To this point Alter is simply against the practice. That's fine, it's his right to dissent. But then he jumps the shark, referencing a Rolling Stone story by James Bamford as evidence of the "venality of the Republican Washington." I read the article. Aside from the fact that Bamford takes every opportunity to present John Rendon of The Rendon Group as a haughty elitist, and aside from the fact that most of the associations he tries to establish are established primarily with innuendo, it's not at all clear that most of the activities he attributes to TRG are all that undesireable. For instance, Bamford writes:
His firm, the Rendon Group, has made millions off government contracts since 1991, when it was hired by the CIA to help "create the conditions for the removal of Hussein from power." Working under this extraordinary transfer of secret authority, Rendon assembled a group of anti-Saddam militants, personally gave them their name -- the Iraqi National Congress -- and served as their media guru and "senior adviser" as they set out to engineer an uprising against Saddam.
Here he conveniently neglects the fact that most of this activity occurred during the Clinton administration, and certainly wasn't halted by Clinton.
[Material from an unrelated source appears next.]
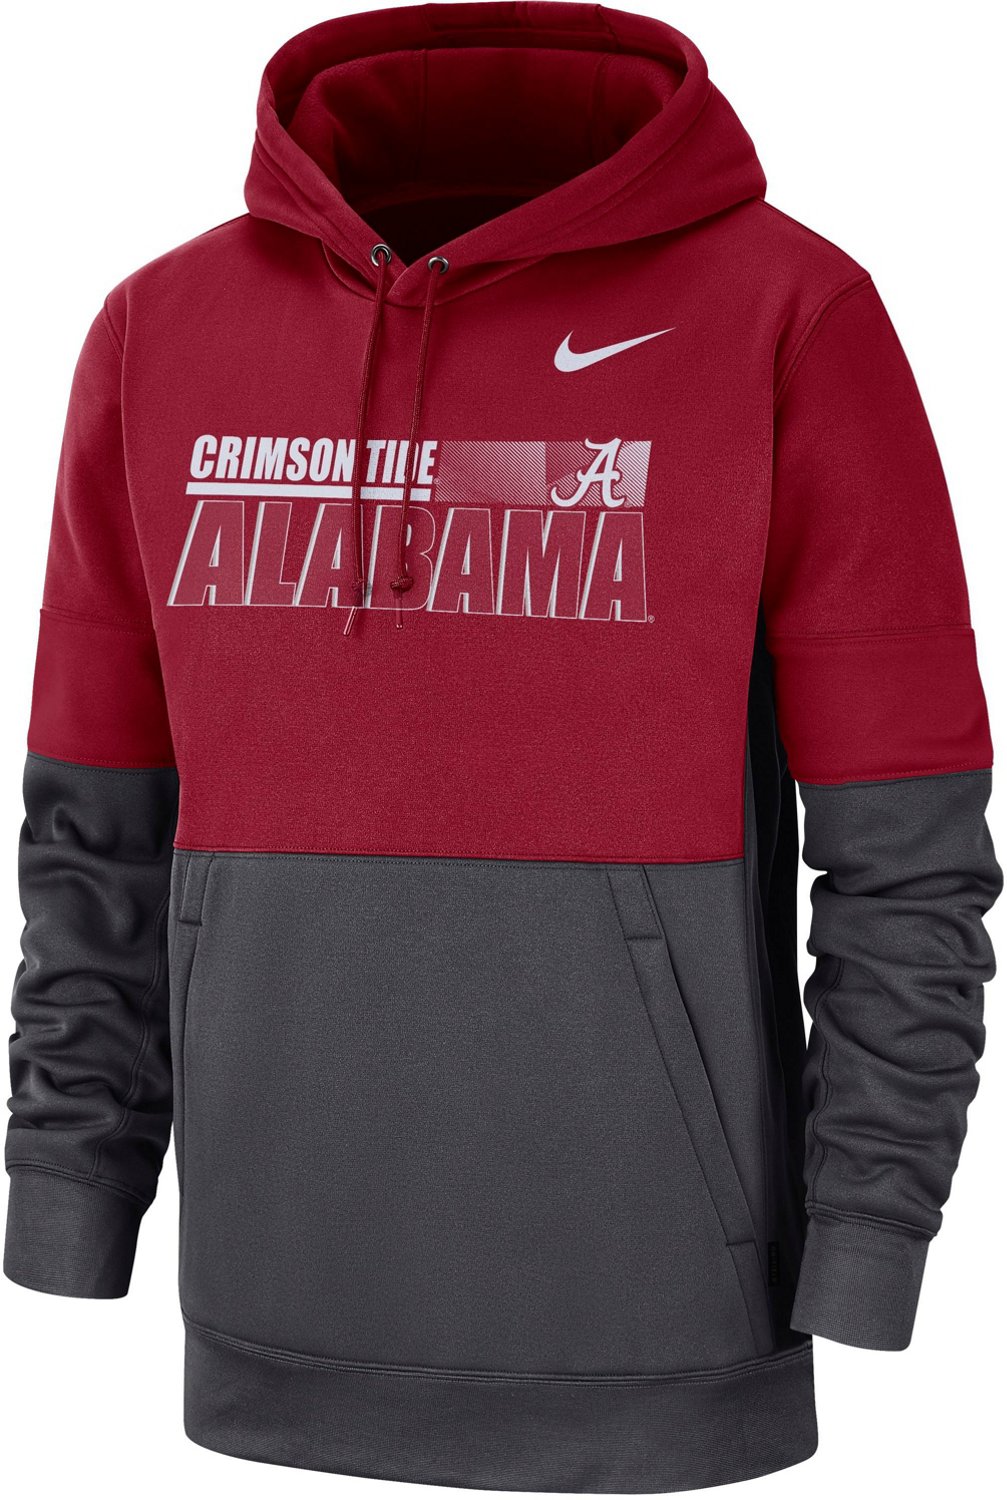 Nike Men's University of Alabama Therma Pullover Hoodie | Academy

He presents no factual basis for the assertion that Rendon set up the INC - we'll just take his word for it. And Bamford assigns a "transfer of secret authority" but gives no evidence that authority has been ceded in any of these activities. But how is setting up a PR situation that might assist in removing from power the man whom had recently been driven out of Kuwait undesireable?
But back to Mr. Alter's piece. He goes snarky on The Lincoln Group, a PR firm, and it's leader, Christian Bailey, referring to the latter as a fop ("a man who is much concerned with his dress and appearance") and questioning his British accent despite acknowledging that he was educated at Oxford. Alter's low road includes this sentence:
Bailey has put a bunch of Bush campaign hacks on the gravy train, finagled security clearances, then assigned them to corrupt the Iraqi media. Democracy in action!
"Campaign hacks?" "Finagled?" "Corrupt?" That's a lot of snarky innuendo for one sentence.
But the crowning moment for Alter is soon to arrive. He writes:
My problem with all of this is less ethical than practical. If it helped build Iraqi democracy or blunted anti-American propaganda, it might even be worth it (though certainly not at those prices). But exporting a bunch of budding Jayson Blairs simply feeds the perception of Americans as inept and hypocritical puppetmasters. If we won't withdraw our troops, can't we at least withdraw our ham-handed propaganda efforts? Can't we stop discrediting the truly independent Iraqi reporters and editors that American journalists are helping to train? Can't we grasp the elemental point that an entirely pro-American Arab media is, on its face, not credible in the region and therefore not helpful to the cause of Iraqi independence?
So he agrees that it is desireable if it helps build Iraqi democracy and blunts anti-American propaganda (you know, the stuff the other side is writing). However, these efforts are then immediately denigrated as faked ("Jayson Blairs") and ham-handed propaganda. Evidence? Mr. Alter produces not a single citation in support of this characterization. He does not reference a single article placed by the US in Iraqi media that contains falsehoods. Check that. He doesn't cite an article at all.
You might think such venom for a program that might "[help] build Iraqi democracy or [blunt] anti-American propaganda" would be due to finding repeated evidence of falsehoods and lies in the stories. You might think that to make such a case Mr. Alter would quote some of the atrocious misrepresentations from those stories.
You would be wrong. Instead we get acknowledgement that the program would be fine if it furthers our ends of Iraqi democracy and better will for America. And we get snark for "venal" Republican Washington.